**** Supplied information ****
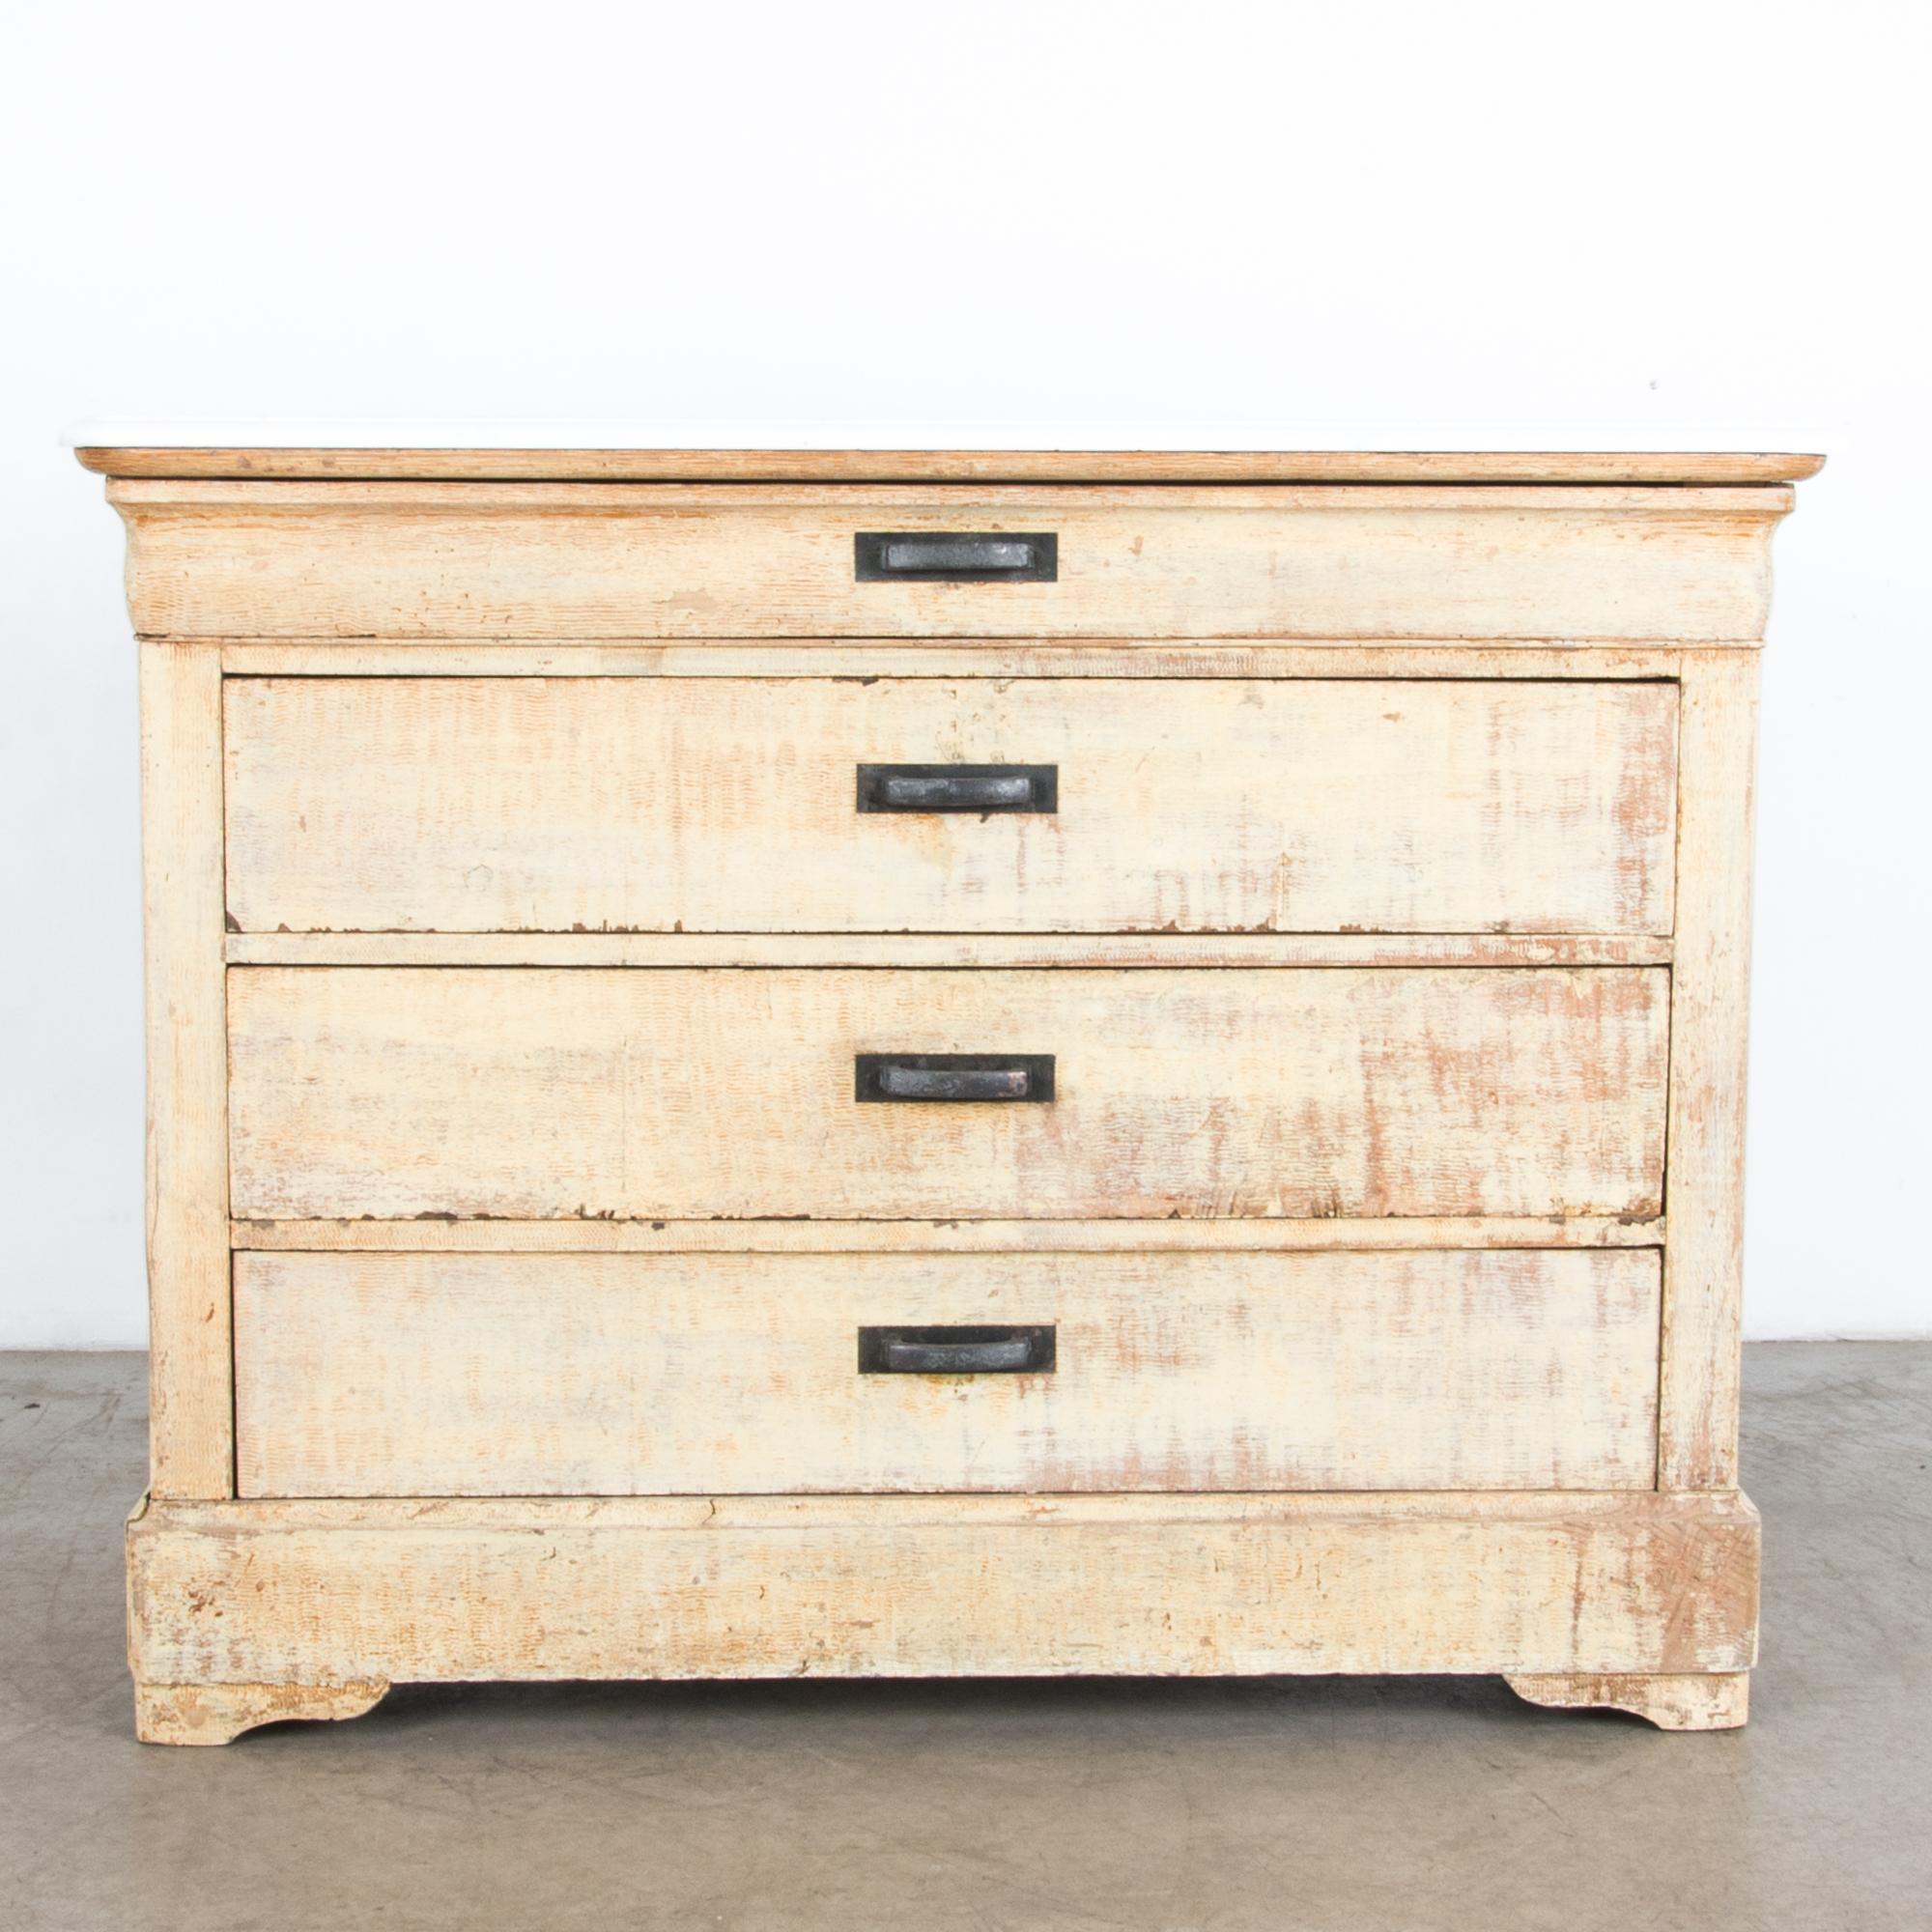 A sleek and simple chest of drawers from France circa 1880 in oak, with a unique textured patina and a white and grey marble top. A four drawer design blends with the distinctive Louis Phillipe shape, with a thick base moulding and feet, the top
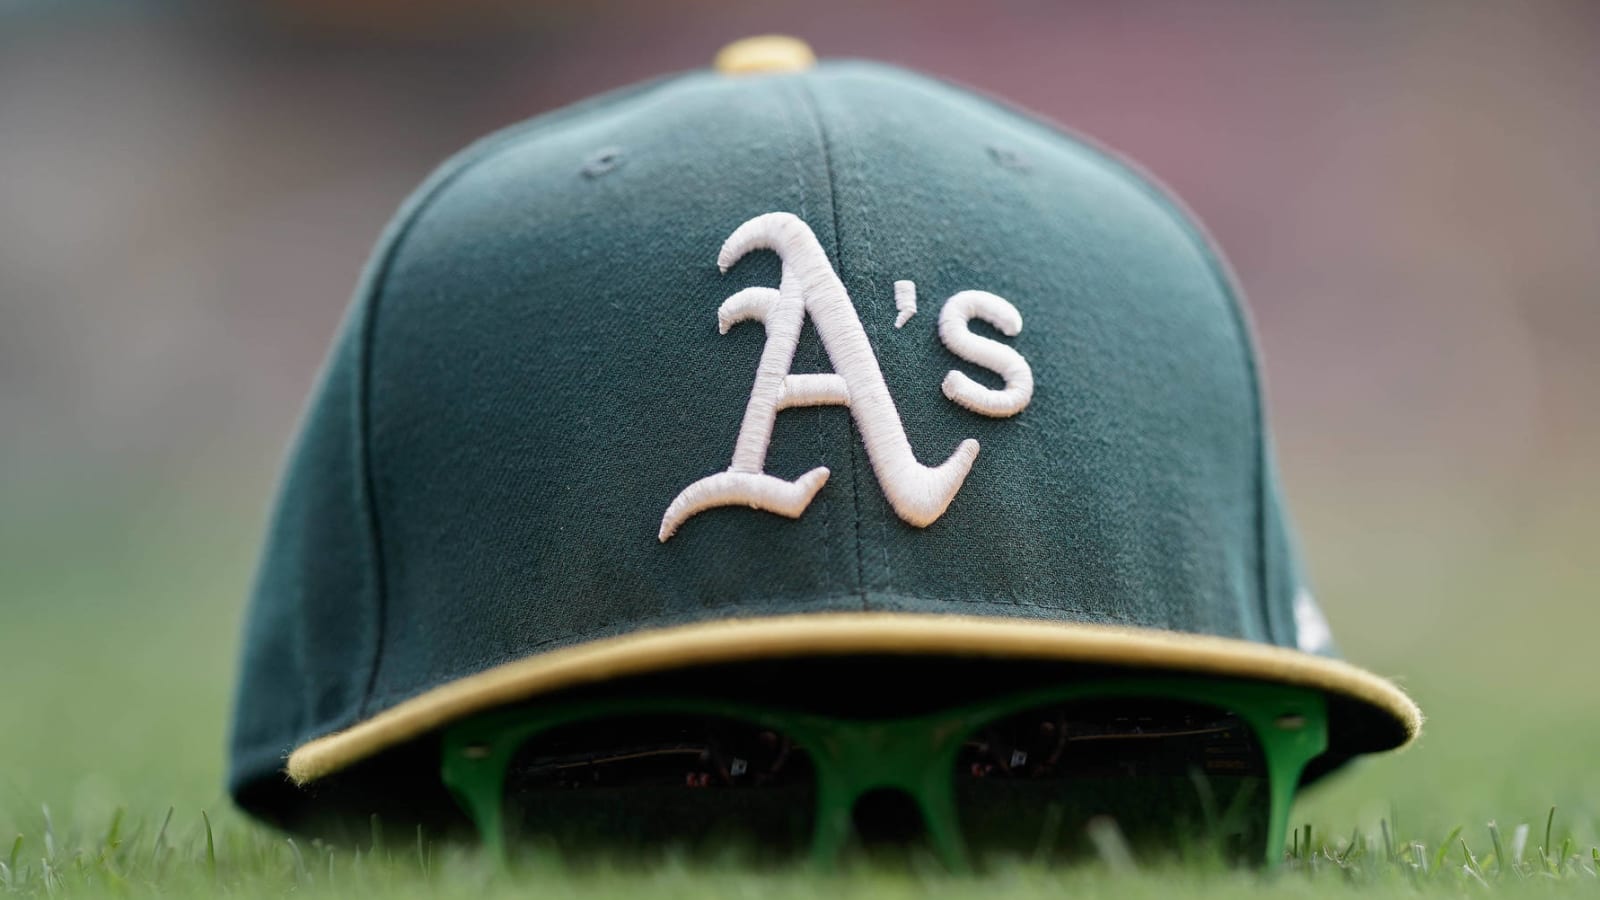 Athletics-Astros game postponed; A's have positive COVID-19 test
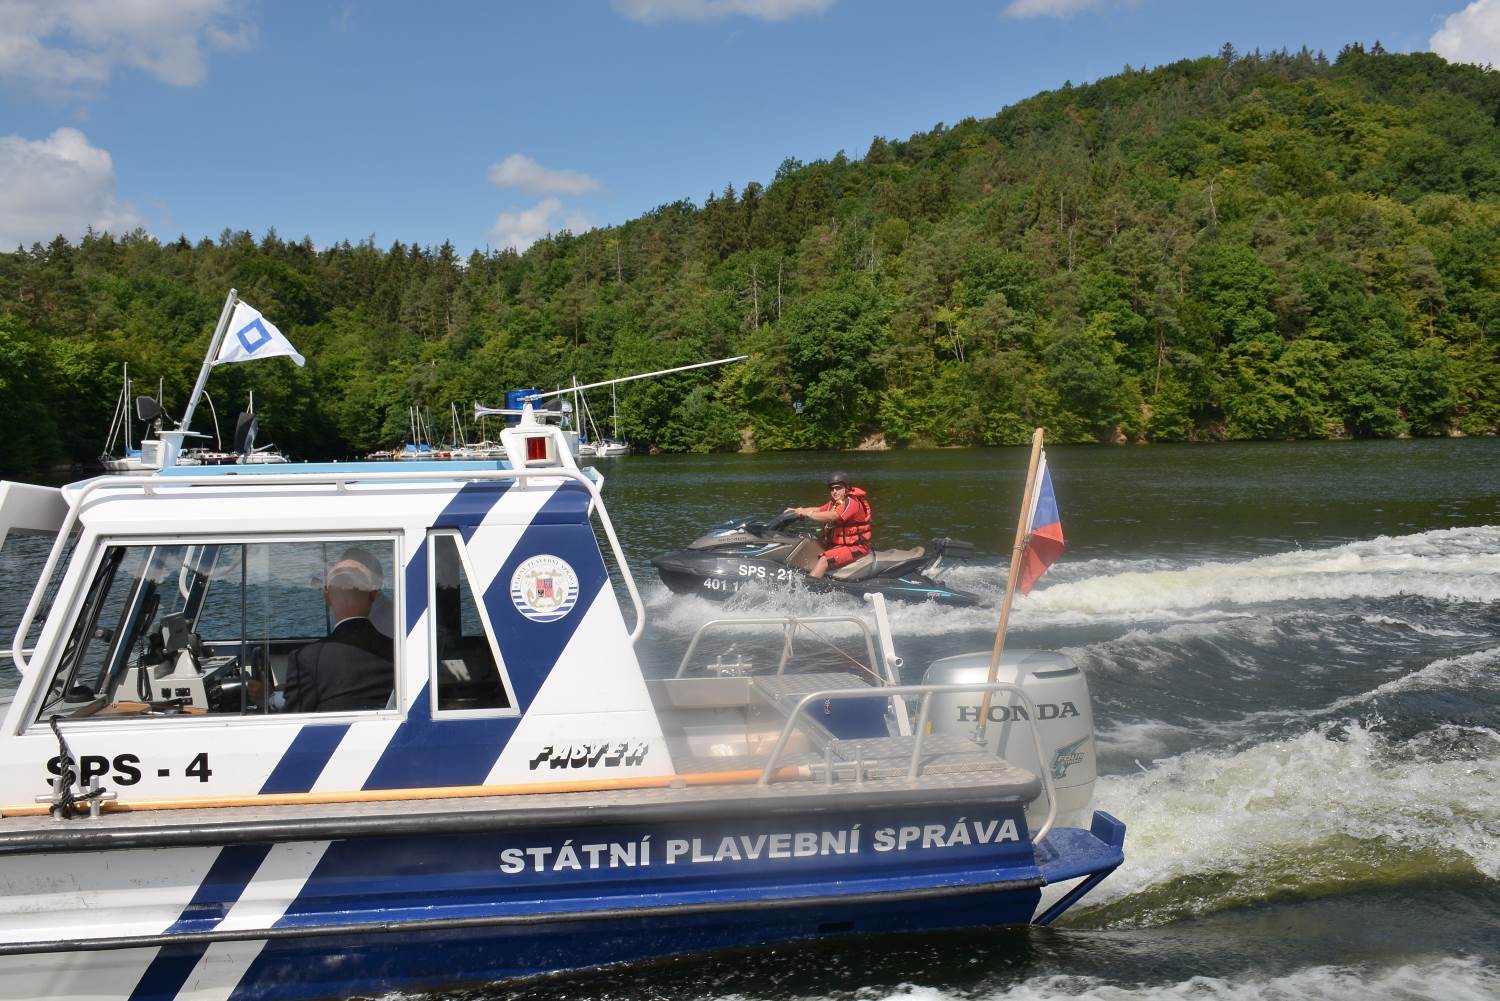 Limited navigational sections at Slapy during summer holidays
****
• [Task directions]: From the line containing "Athletics-Astros game postponed;" through the last line of the material above, write out each line exactly, leaving aside all pictures.

• [Response to this task]:
 Athletics-Astros game postponed; A's have positive COVID-19 test
 Limited navigational sections at Slapy during summer holidays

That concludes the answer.